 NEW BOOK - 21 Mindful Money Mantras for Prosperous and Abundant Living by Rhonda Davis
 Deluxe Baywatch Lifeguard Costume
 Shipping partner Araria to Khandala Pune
--
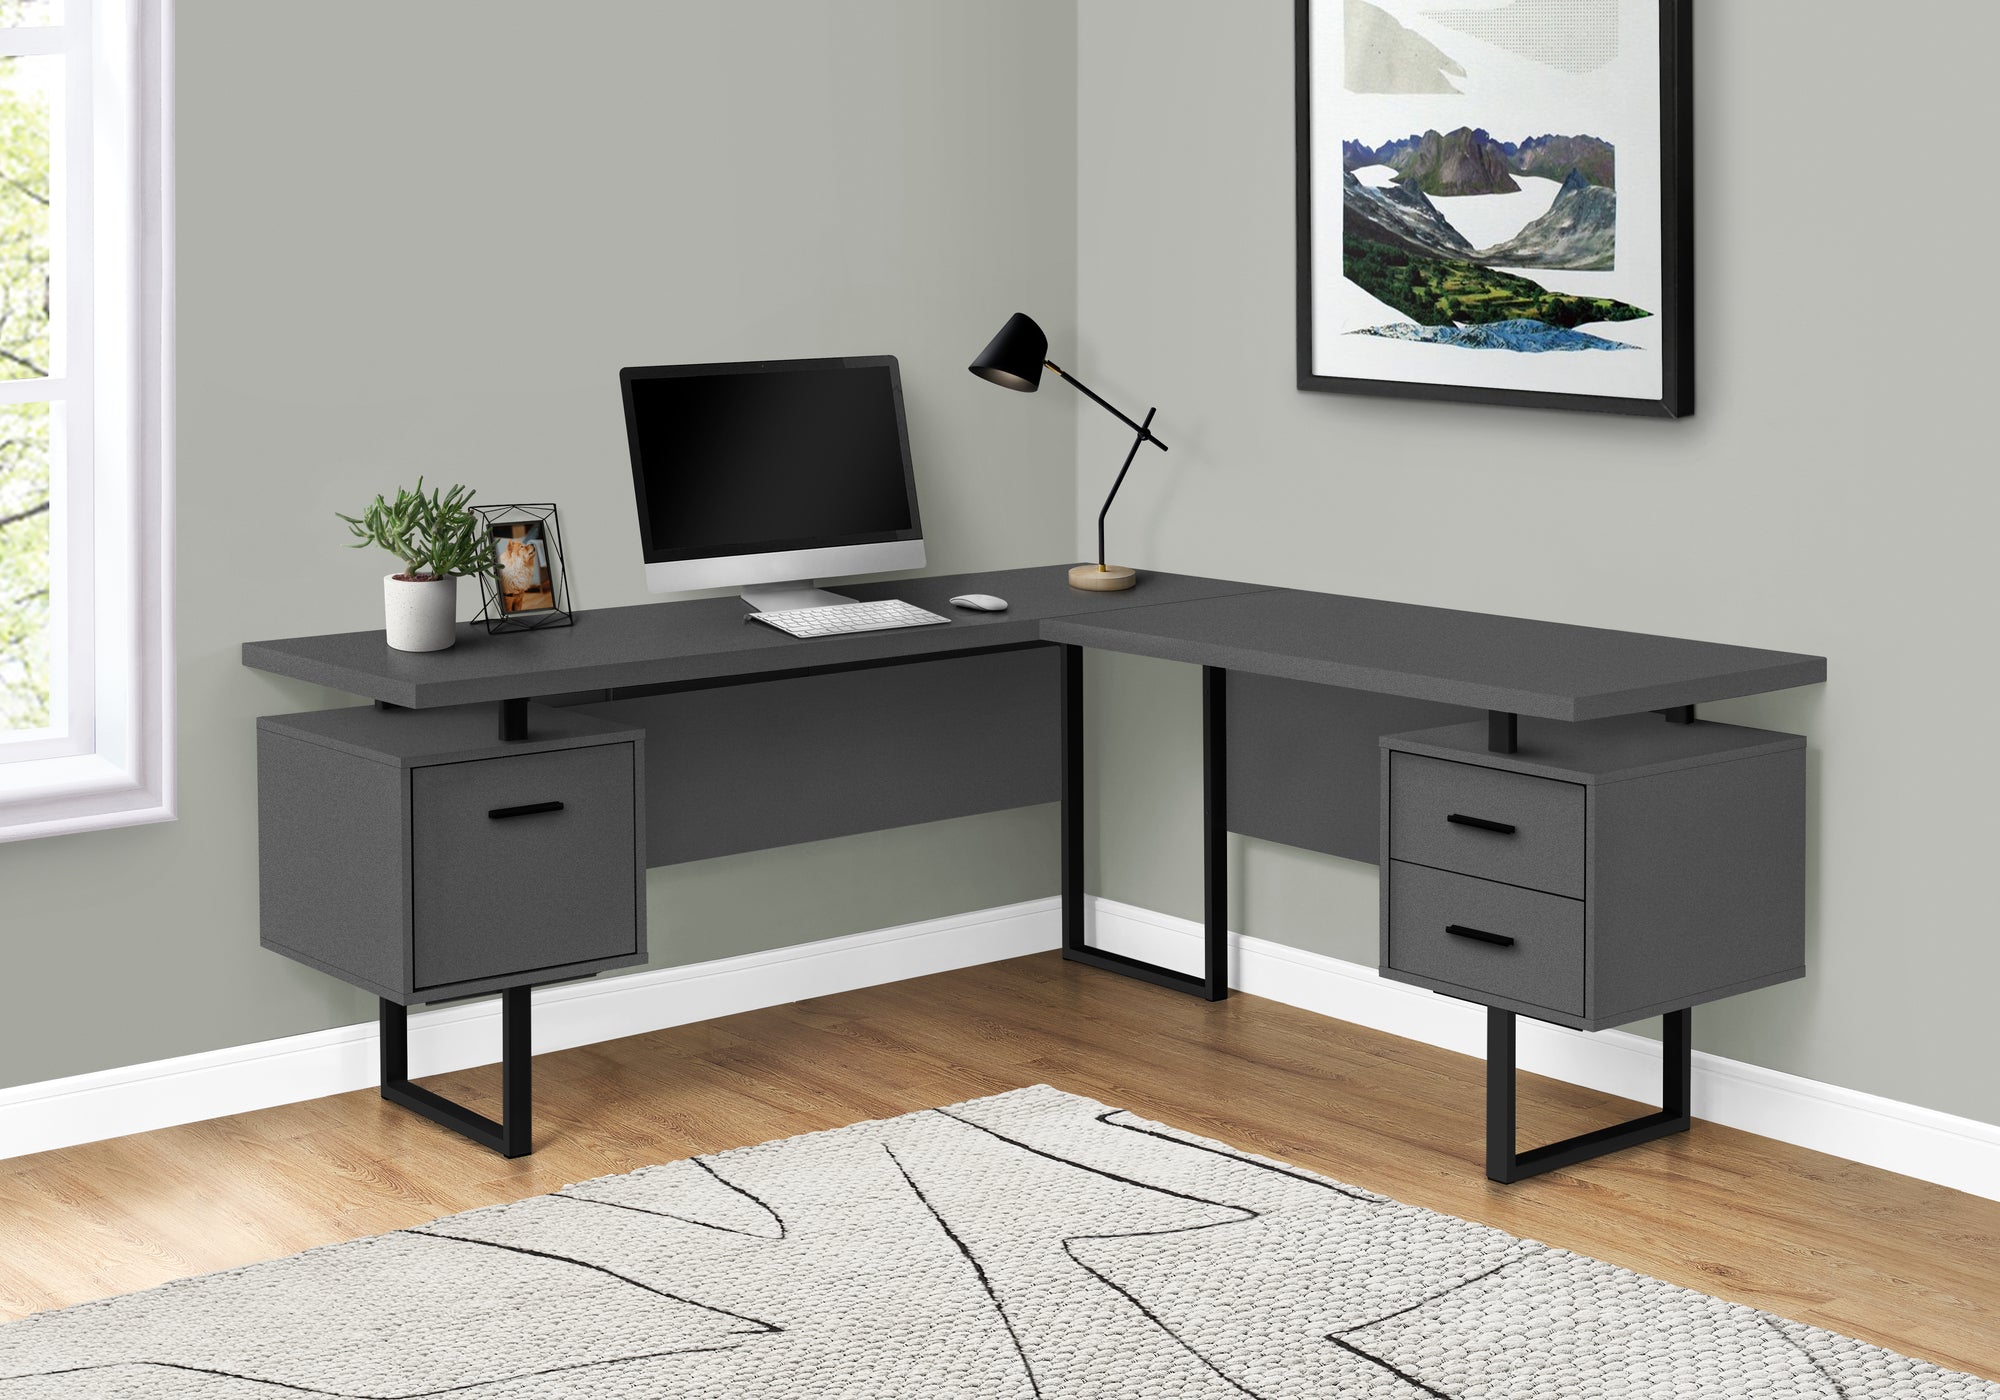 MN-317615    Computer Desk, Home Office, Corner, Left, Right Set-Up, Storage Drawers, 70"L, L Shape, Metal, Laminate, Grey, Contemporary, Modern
...
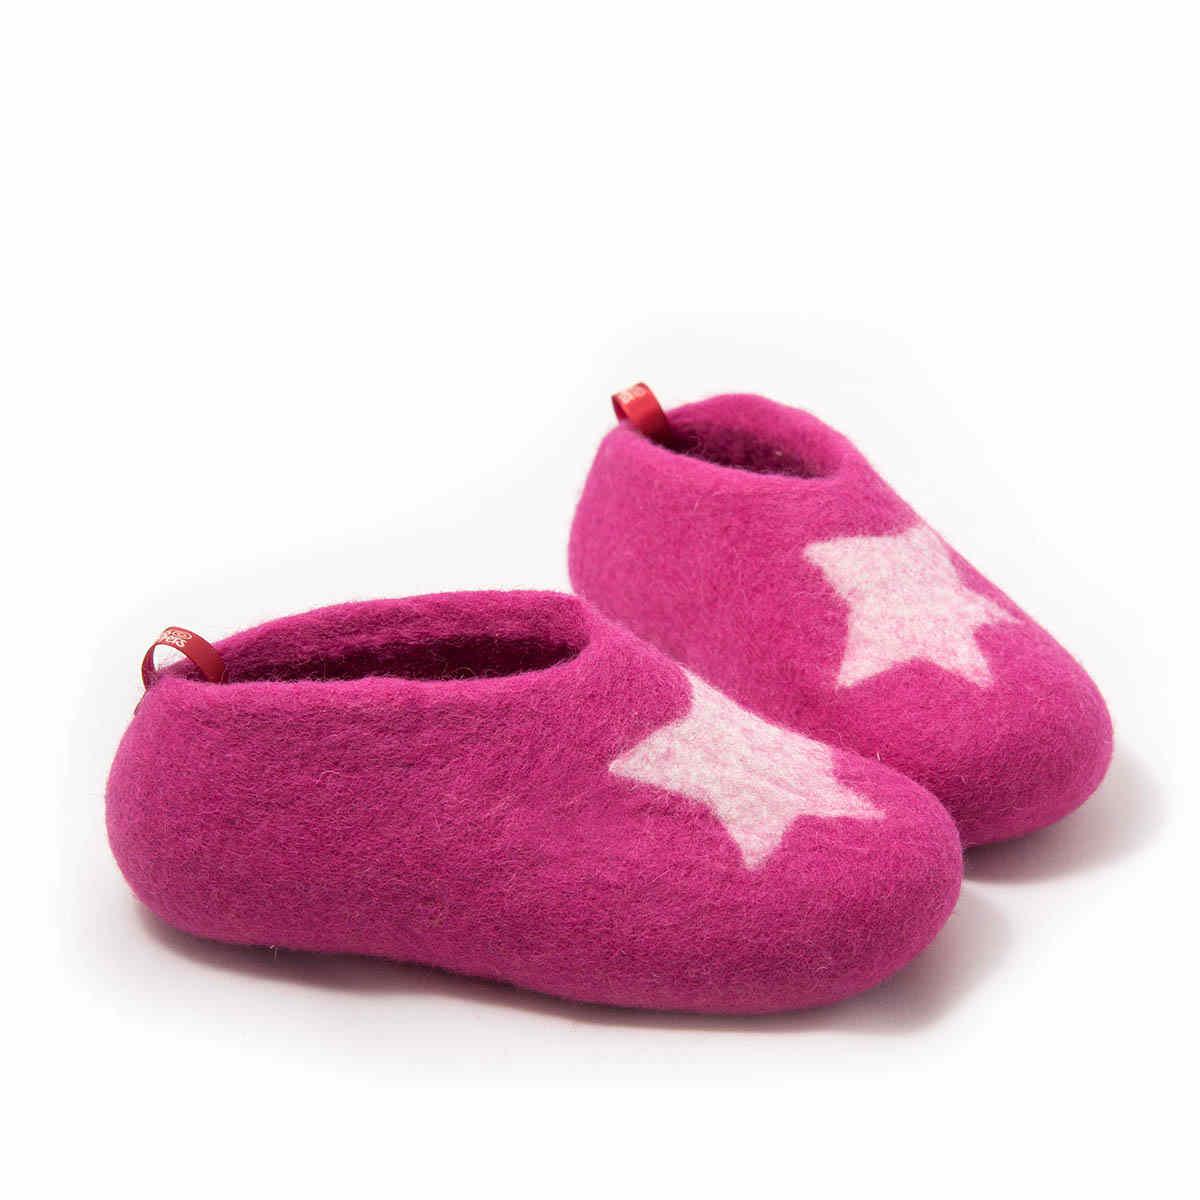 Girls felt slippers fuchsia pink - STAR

## YOUR OBJECTIVE
Within the data above, the span starting at the line containing "Deluxe Baywatch Lifeguard Costume" and ending at the line containing "Shipping partner Araria to Khandala Pune" is to be retyped exactly, with no other lines.

## OUTPUT
 Deluxe Baywatch Lifeguard Costume
 Shipping partner Araria to Khandala Pune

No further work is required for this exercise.